TASK INSTRUCTIONS ->
Exactly retype the lines below from the one containing "birds-1162384_1920" through the end of the listing. Leave pictures out.
──────── GIVEN DATA ────────
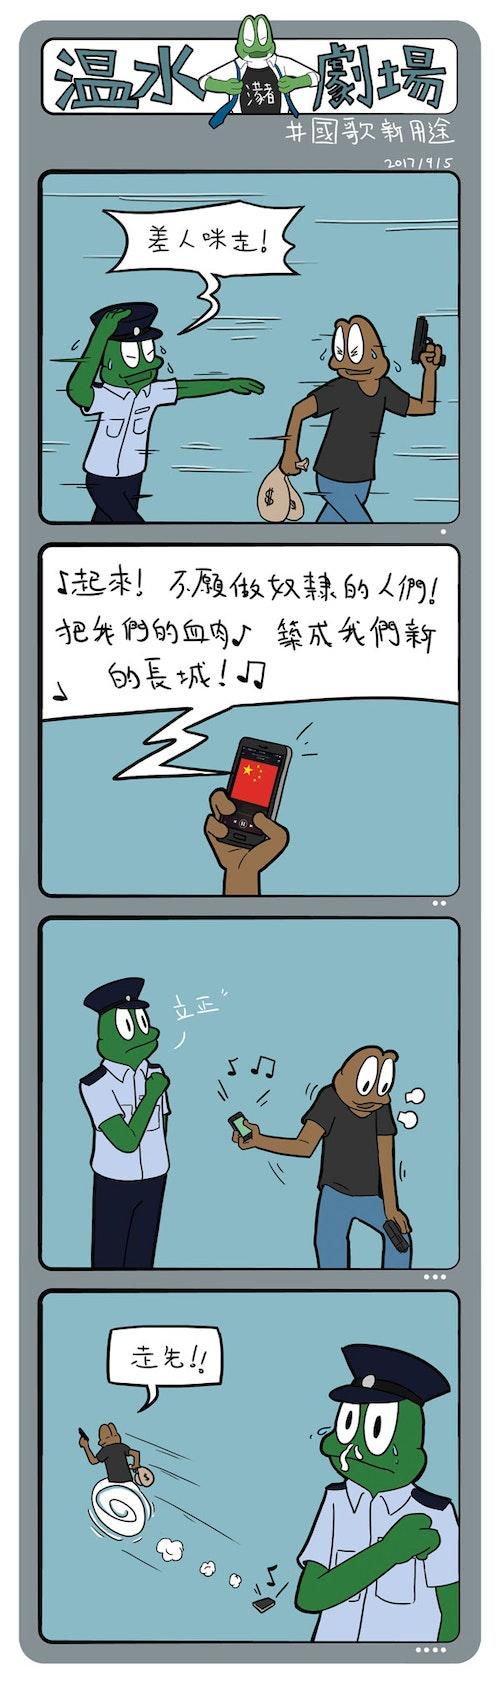 frog_news_lens_116_522
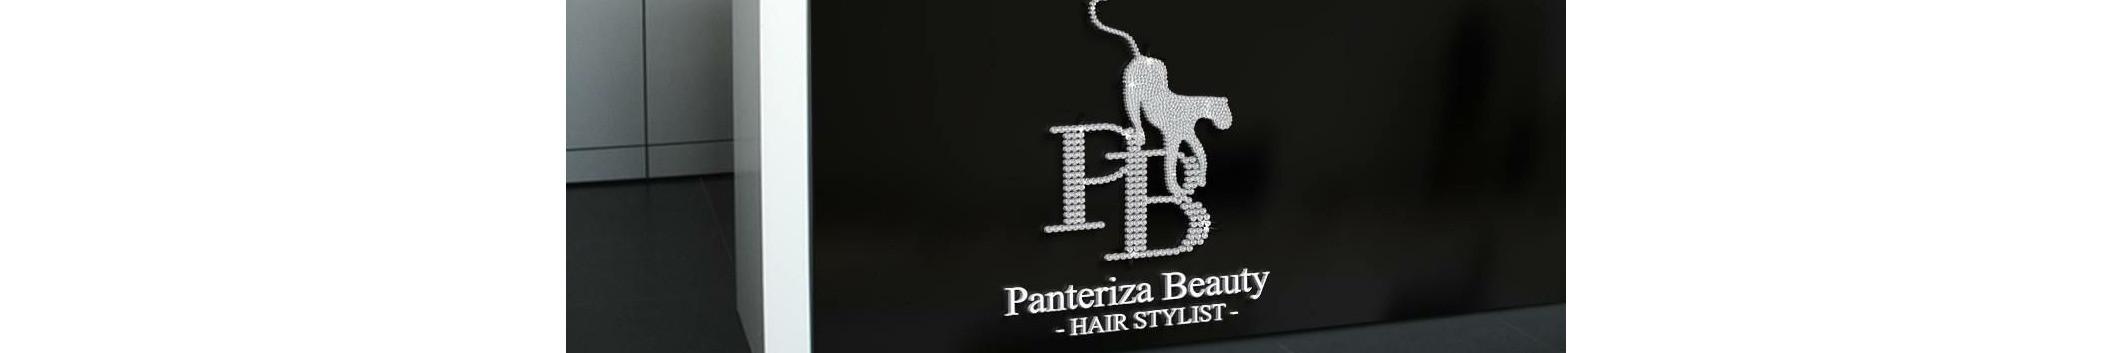 Hairdresser Marbella Nueva Andaliucia
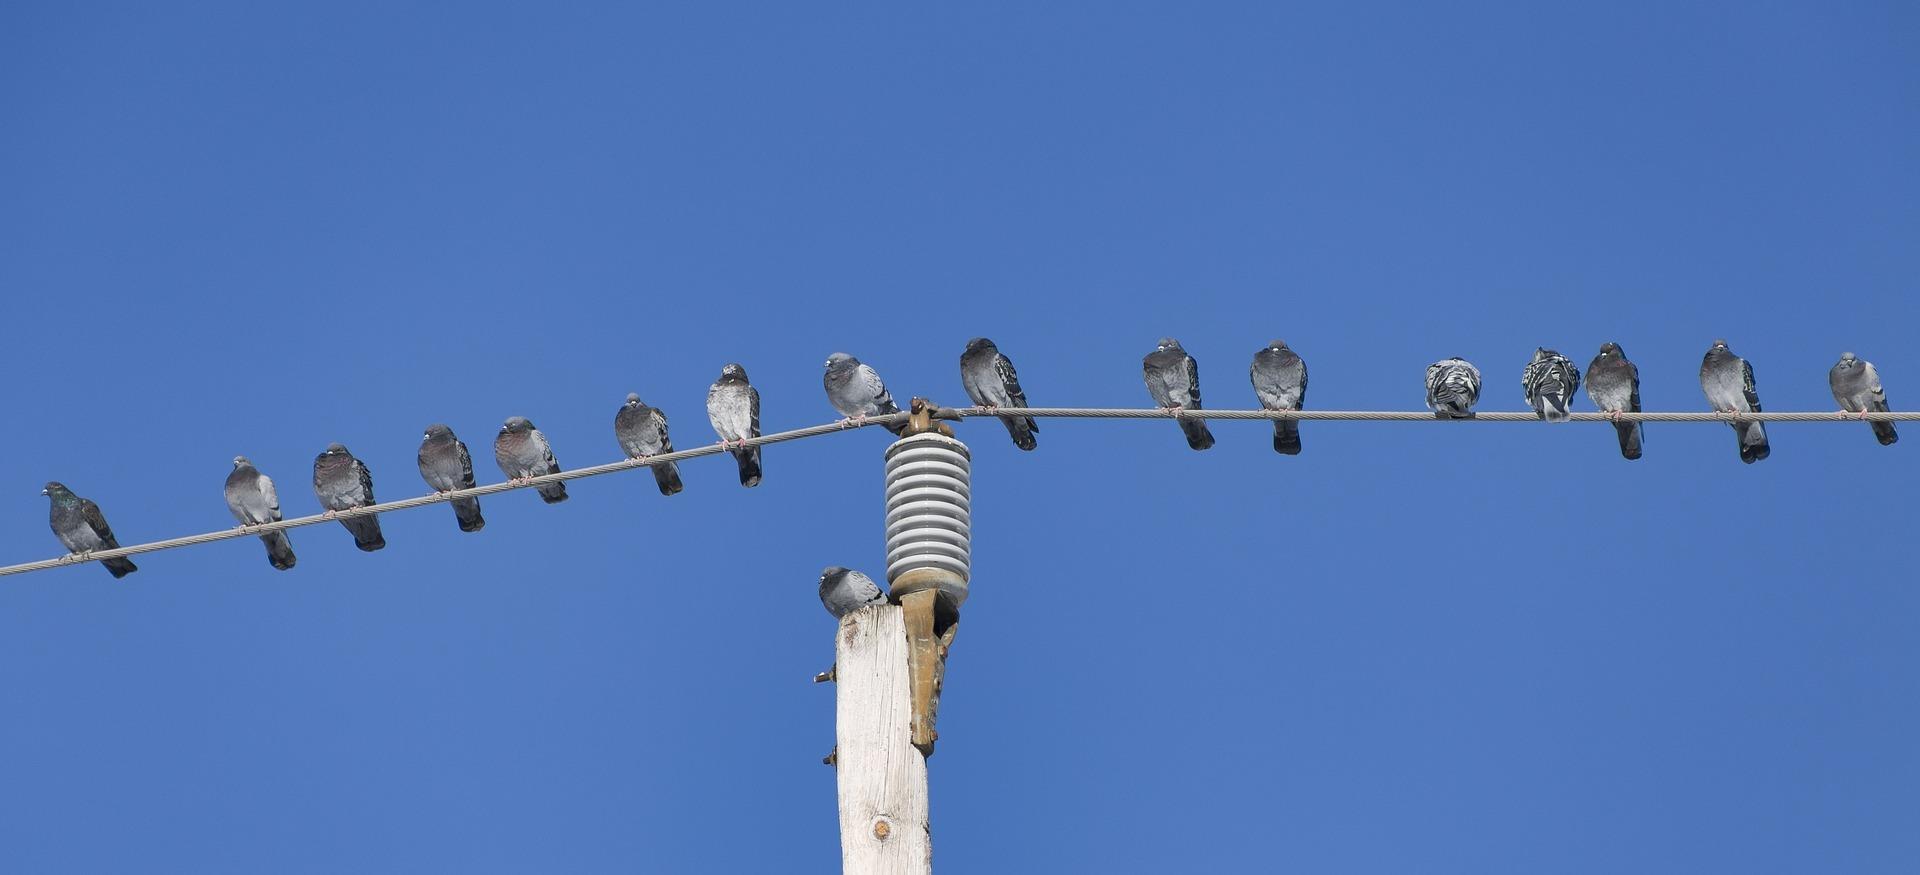 birds-1162384_1920
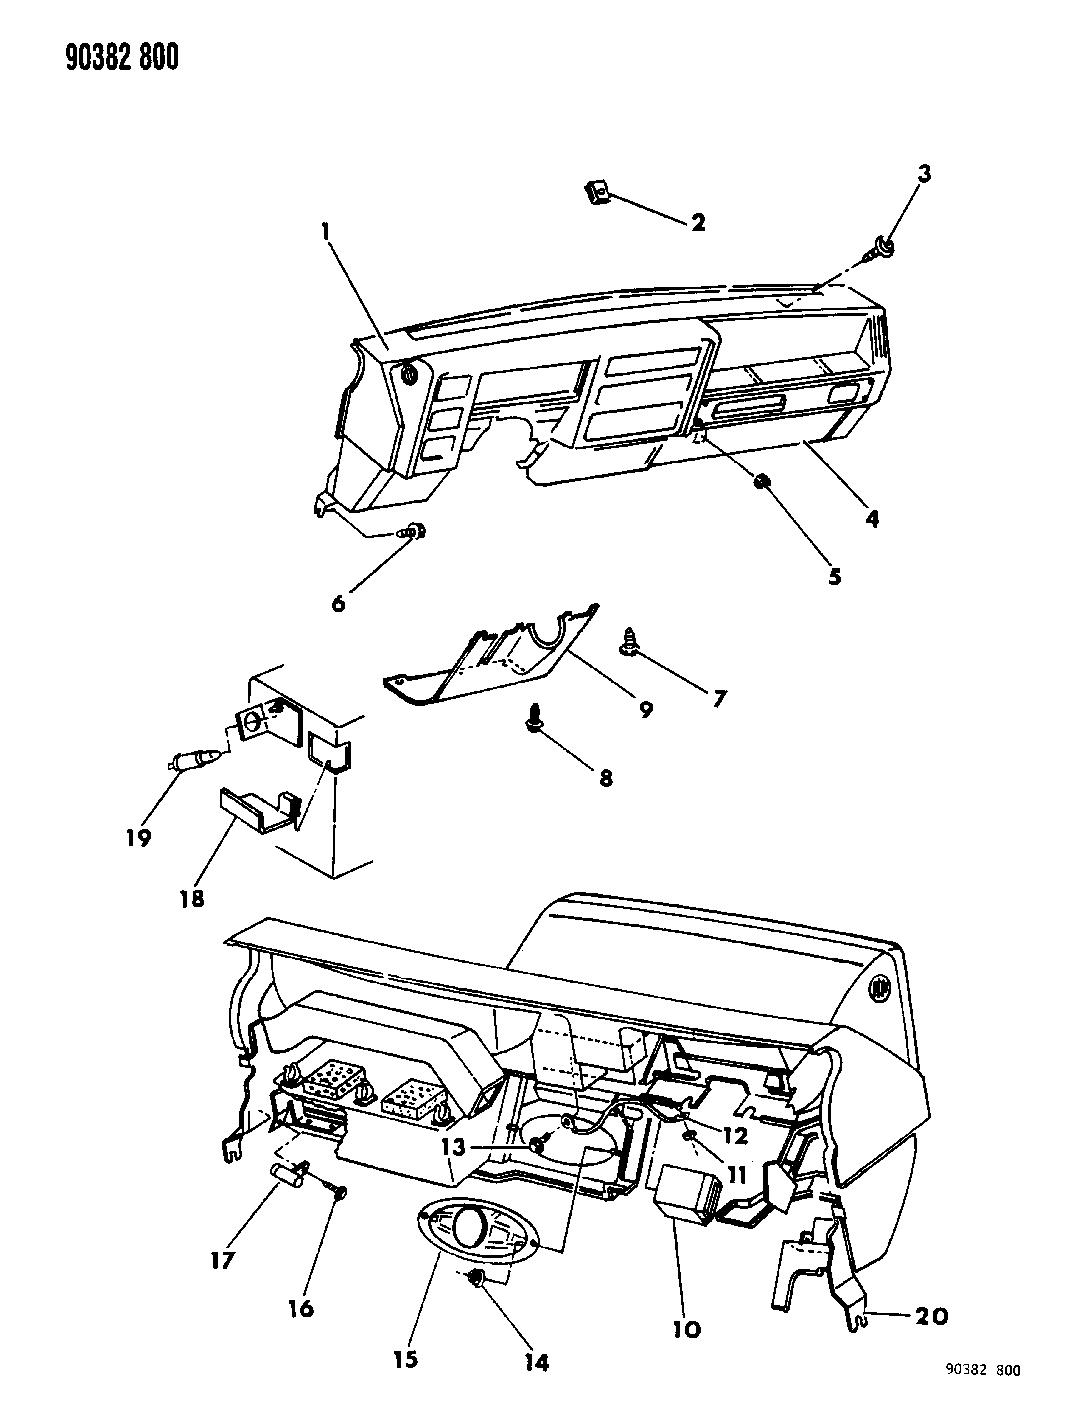 1993 Dodge Dakota Instrument Panel Glove Box - Panel
────────
RESPONSE TO THE TASK ->
 birds-1162384_1920
 1993 Dodge Dakota Instrument Panel Glove Box - Panel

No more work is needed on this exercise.